Assignment: Make an exact copy of the records below. Include every line.

Listed entries:

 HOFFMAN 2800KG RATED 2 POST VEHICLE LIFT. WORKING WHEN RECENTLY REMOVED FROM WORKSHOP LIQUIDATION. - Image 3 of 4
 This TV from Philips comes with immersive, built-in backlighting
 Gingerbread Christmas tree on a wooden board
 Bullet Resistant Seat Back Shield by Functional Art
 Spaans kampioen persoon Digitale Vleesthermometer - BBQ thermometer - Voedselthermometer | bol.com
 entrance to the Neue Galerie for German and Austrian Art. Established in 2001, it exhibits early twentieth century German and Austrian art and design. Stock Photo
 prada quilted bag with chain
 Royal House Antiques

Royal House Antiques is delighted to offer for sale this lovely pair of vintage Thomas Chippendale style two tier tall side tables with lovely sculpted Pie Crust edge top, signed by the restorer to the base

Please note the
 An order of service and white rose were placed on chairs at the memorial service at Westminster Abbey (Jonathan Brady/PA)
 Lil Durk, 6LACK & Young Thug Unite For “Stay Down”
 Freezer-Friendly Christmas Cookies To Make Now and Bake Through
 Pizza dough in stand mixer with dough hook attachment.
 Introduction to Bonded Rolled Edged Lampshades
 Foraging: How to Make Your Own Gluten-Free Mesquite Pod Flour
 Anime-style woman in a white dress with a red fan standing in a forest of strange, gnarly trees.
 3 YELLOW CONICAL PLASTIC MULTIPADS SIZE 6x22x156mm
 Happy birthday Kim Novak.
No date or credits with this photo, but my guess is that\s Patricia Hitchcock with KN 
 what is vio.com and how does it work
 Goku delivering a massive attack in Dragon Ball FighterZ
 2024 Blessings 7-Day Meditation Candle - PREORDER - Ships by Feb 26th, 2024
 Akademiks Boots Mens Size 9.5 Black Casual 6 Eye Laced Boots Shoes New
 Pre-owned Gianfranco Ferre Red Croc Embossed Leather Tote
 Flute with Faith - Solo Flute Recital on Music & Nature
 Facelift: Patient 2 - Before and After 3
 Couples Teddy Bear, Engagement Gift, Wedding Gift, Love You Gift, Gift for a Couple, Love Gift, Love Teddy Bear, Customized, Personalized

Task result:
 HOFFMAN 2800KG RATED 2 POST VEHICLE LIFT. WORKING WHEN RECENTLY REMOVED FROM WORKSHOP LIQUIDATION. - Image 3 of 4
 This TV from Philips comes with immersive, built-in backlighting
 Gingerbread Christmas tree on a wooden board
 Bullet Resistant Seat Back Shield by Functional Art
 Spaans kampioen persoon Digitale Vleesthermometer - BBQ thermometer - Voedselthermometer | bol.com
 entrance to the Neue Galerie for German and Austrian Art. Established in 2001, it exhibits early twentieth century German and Austrian art and design. Stock Photo
 prada quilted bag with chain
 Royal House Antiques

Royal House Antiques is delighted to offer for sale this lovely pair of vintage Thomas Chippendale style two tier tall side tables with lovely sculpted Pie Crust edge top, signed by the restorer to the base

Please note the
 An order of service and white rose were placed on chairs at the memorial service at Westminster Abbey (Jonathan Brady/PA)
 Lil Durk, 6LACK & Young Thug Unite For “Stay Down”
 Freezer-Friendly Christmas Cookies To Make Now and Bake Through
 Pizza dough in stand mixer with dough hook attachment.
 Introduction to Bonded Rolled Edged Lampshades
 Foraging: How to Make Your Own Gluten-Free Mesquite Pod Flour
 Anime-style woman in a white dress with a red fan standing in a forest of strange, gnarly trees.
 3 YELLOW CONICAL PLASTIC MULTIPADS SIZE 6x22x156mm
 Happy birthday Kim Novak.
No date or credits with this photo, but my guess is that\s Patricia Hitchcock with KN 
 what is vio.com and how does it work
 Goku delivering a massive attack in Dragon Ball FighterZ
 2024 Blessings 7-Day Meditation Candle - PREORDER - Ships by Feb 26th, 2024
 Akademiks Boots Mens Size 9.5 Black Casual 6 Eye Laced Boots Shoes New
 Pre-owned Gianfranco Ferre Red Croc Embossed Leather Tote
 Flute with Faith - Solo Flute Recital on Music & Nature
 Facelift: Patient 2 - Before and After 3
 Couples Teddy Bear, Engagement Gift, Wedding Gift, Love You Gift, Gift for a Couple, Love Gift, Love Teddy Bear, Customized, Personalized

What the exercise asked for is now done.